4. The Death Of Philippe Halsman’s Father

4. The Death Of Philippe Halsman’s Father

Description: After leaving Europe and moving to the US during the 1940s, Philippe Halsman became one of the world’s most renowned portrait photographers. However, before Halsman’s career even began, his life was almost derailed by a controversial murder case. On September 10, 1928, the 22-year-old Halsman went on a hiking trip with his father, Morduch Halsman, in the Zillertal Valley in Tyrol, Austria.

According to Halsman, he was walking ahead of his father when he suddenly fell into a ravine. When Halsman found his father’s body near a riverbank, he was still alive so Halsman went off to get help. By the time he returned, his father was dead and his empty wallet was now resting beside him. A stone was found with Morduch Halsman’s blood and hair on it, indicating that he was robbed and murdered sometime after his fall.

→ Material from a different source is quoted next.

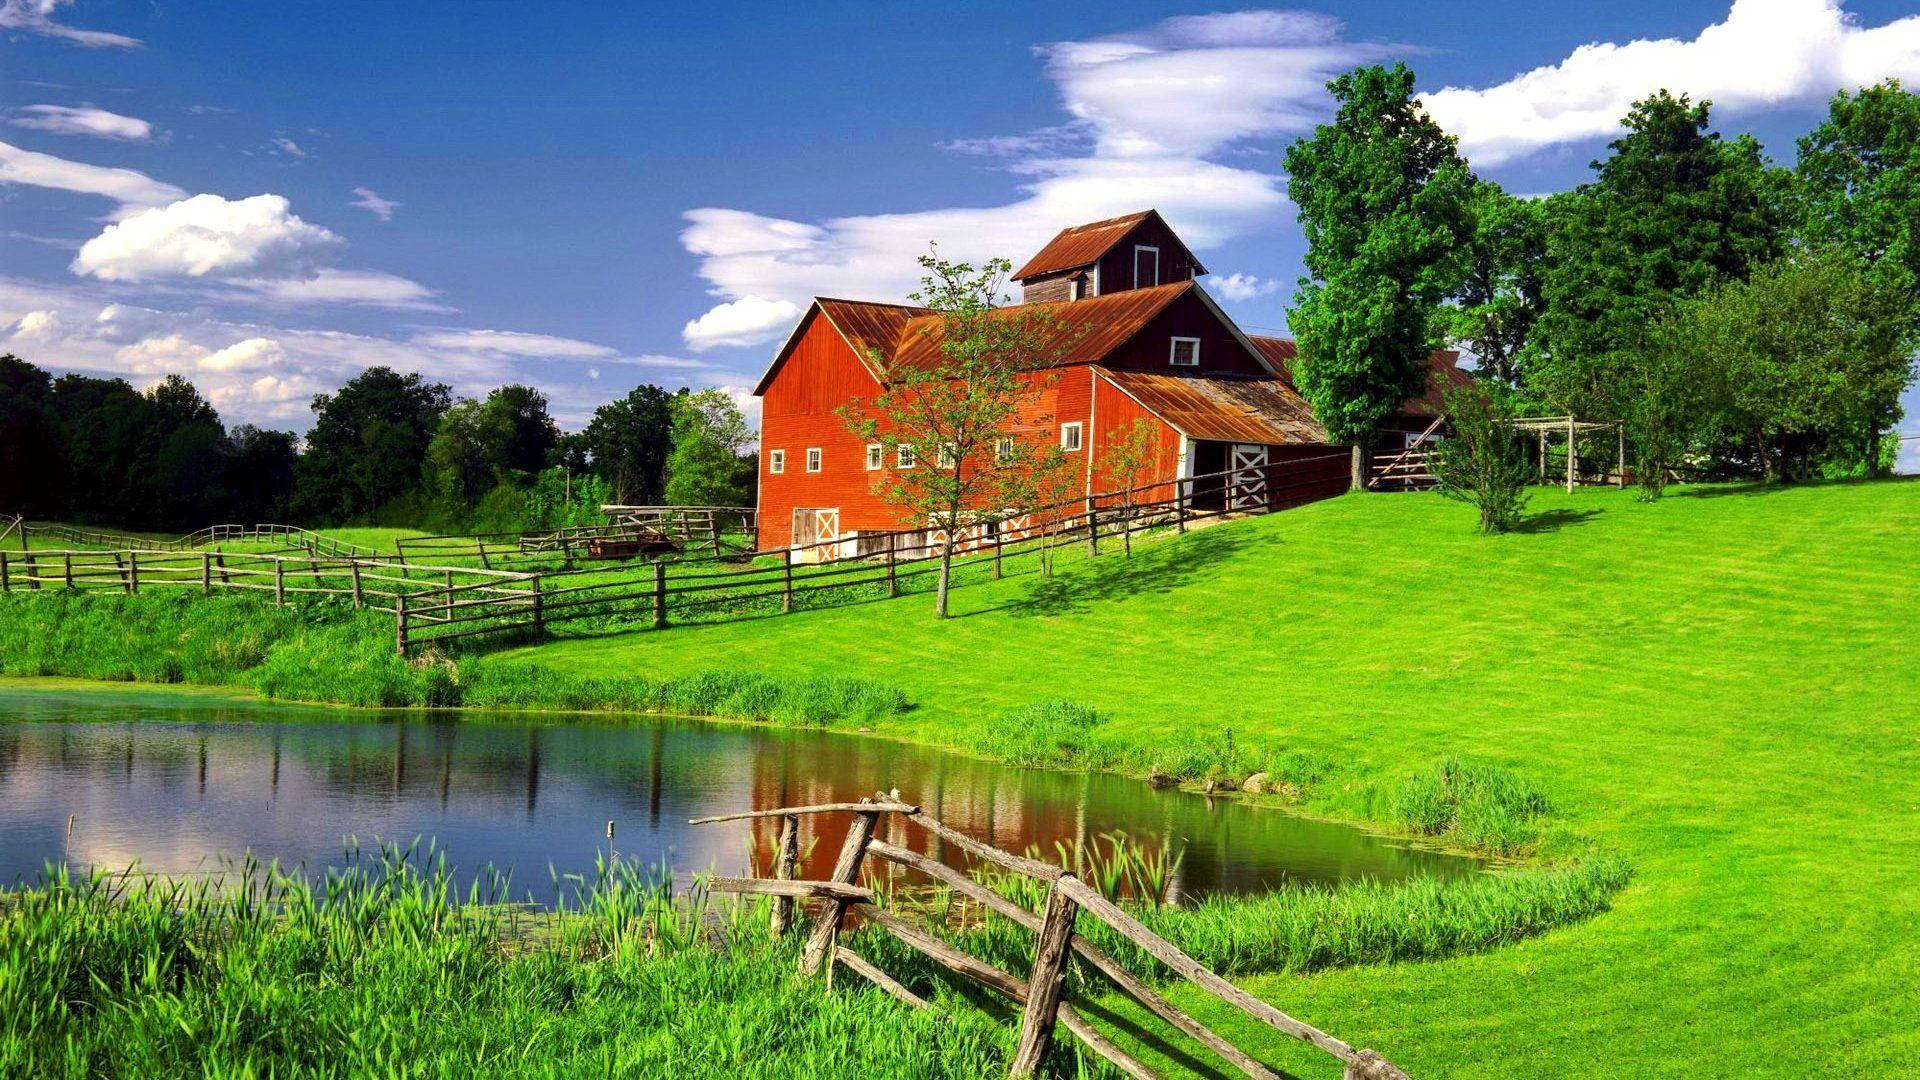 Farmhouse By The Pond Wallpaper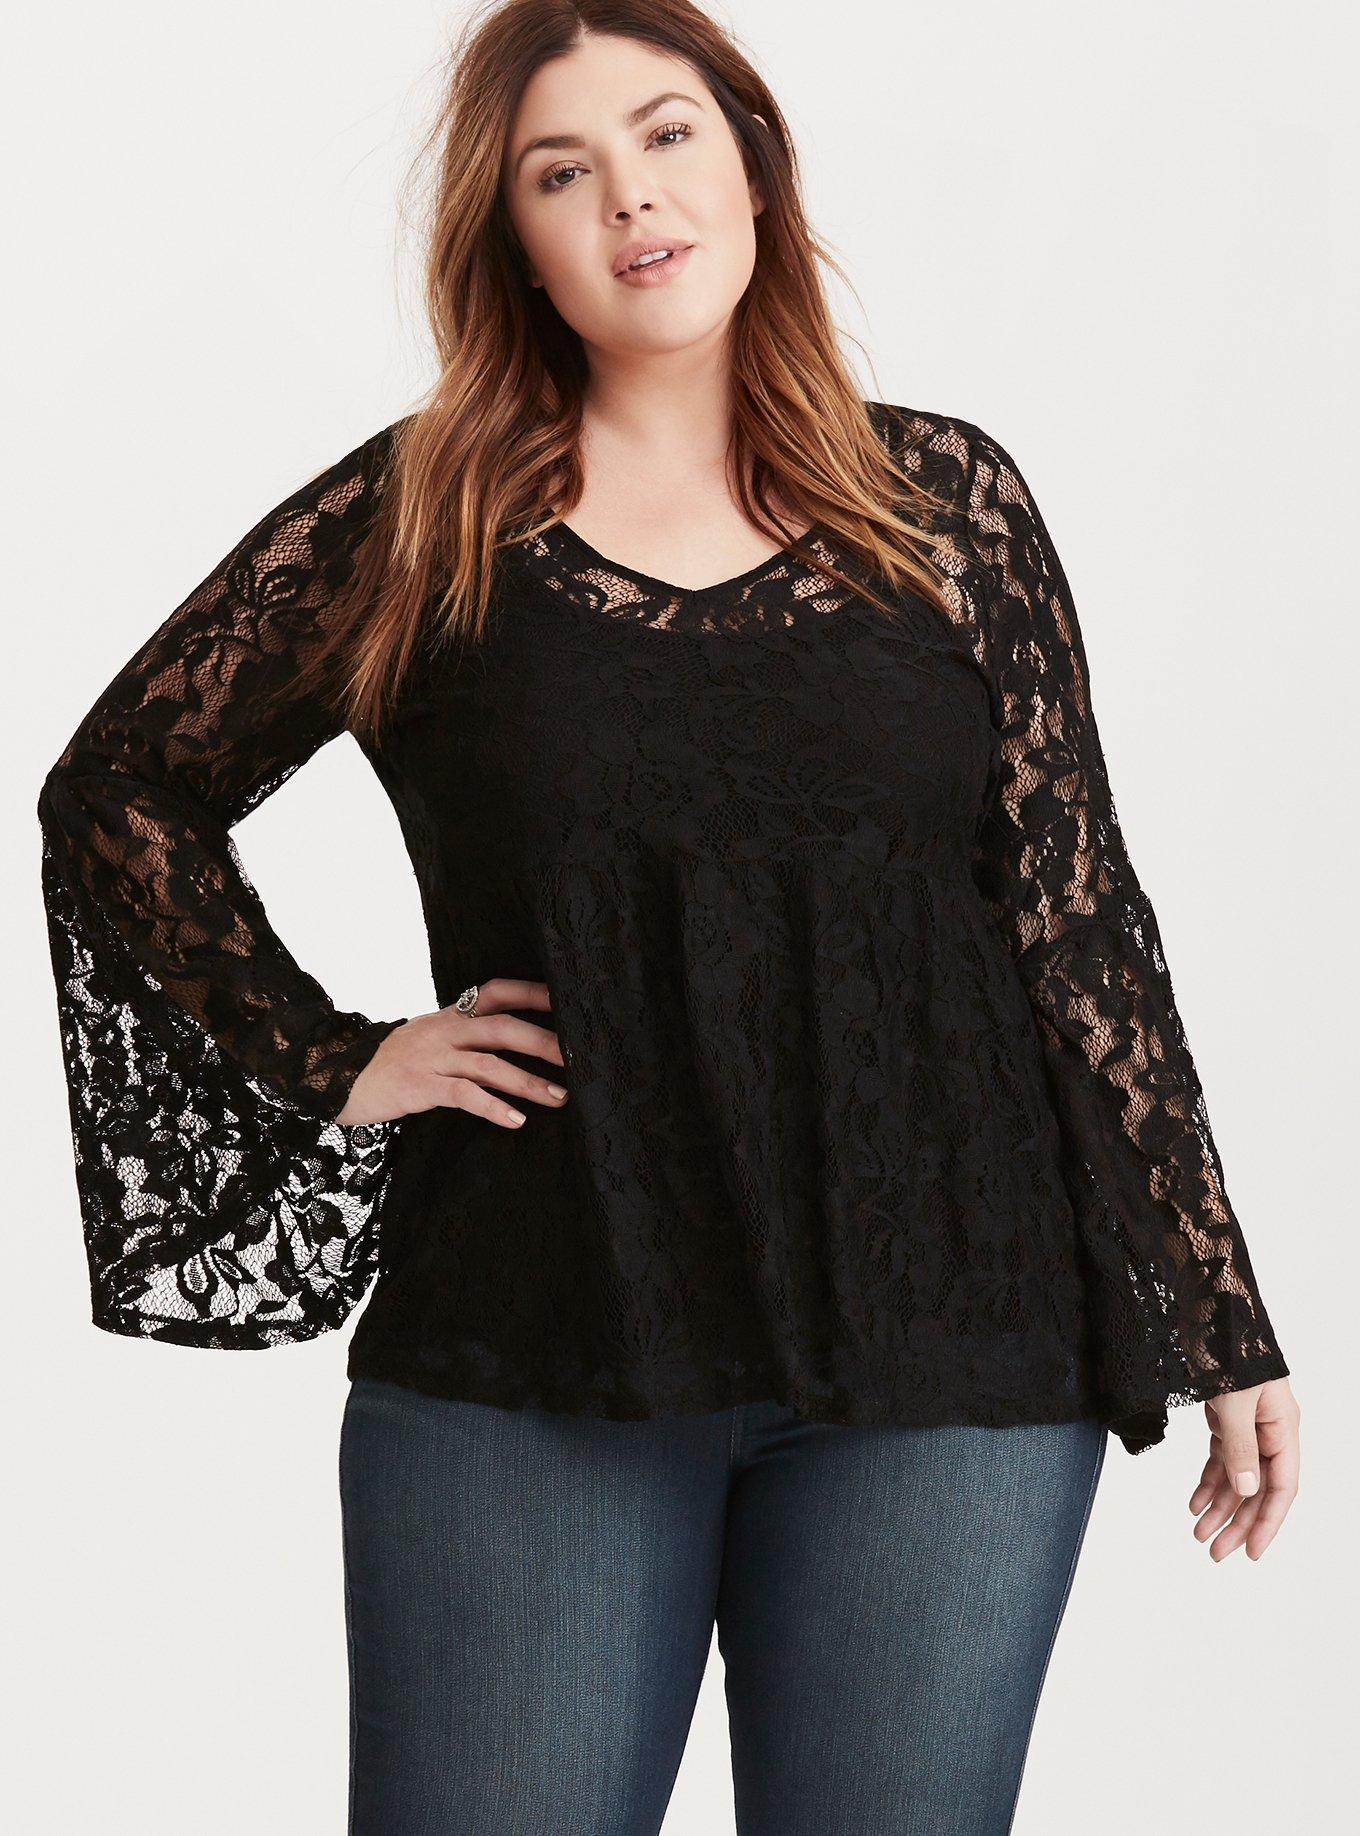 Plus Size - Lace Bell Sleeve Top - Torrid

Authorities soon made the shocking allegation that Philippe Halsman was responsible and charged him with his father’s murder. He was found guilty and sentenced to 10 years in prison. However, Halsman had no discernible motive to kill his father and there was no evidence to implicate him. Since Halsman was Jewish and Tyrol was known for being an anti-Semitic community at the time, this seemed to be the motivating factor behind his conviction.

He had many notable supporters who believed in his innocence, including Albert Einstein and Sigmund Freud. The prosecution had presented Freud’s Oedipus complex as a possible motive for Halsman murdering his father, but Freud himself refuted this idea. Halsman eventually garnered a new trial and received a lighter sentence of four years, but his supporters weren’t satisfied. They successfully petitioned the President of Austria to grant Halsman a full pardon, and he was released in October of 1930. The real murderer of Morduch Halsman was never found.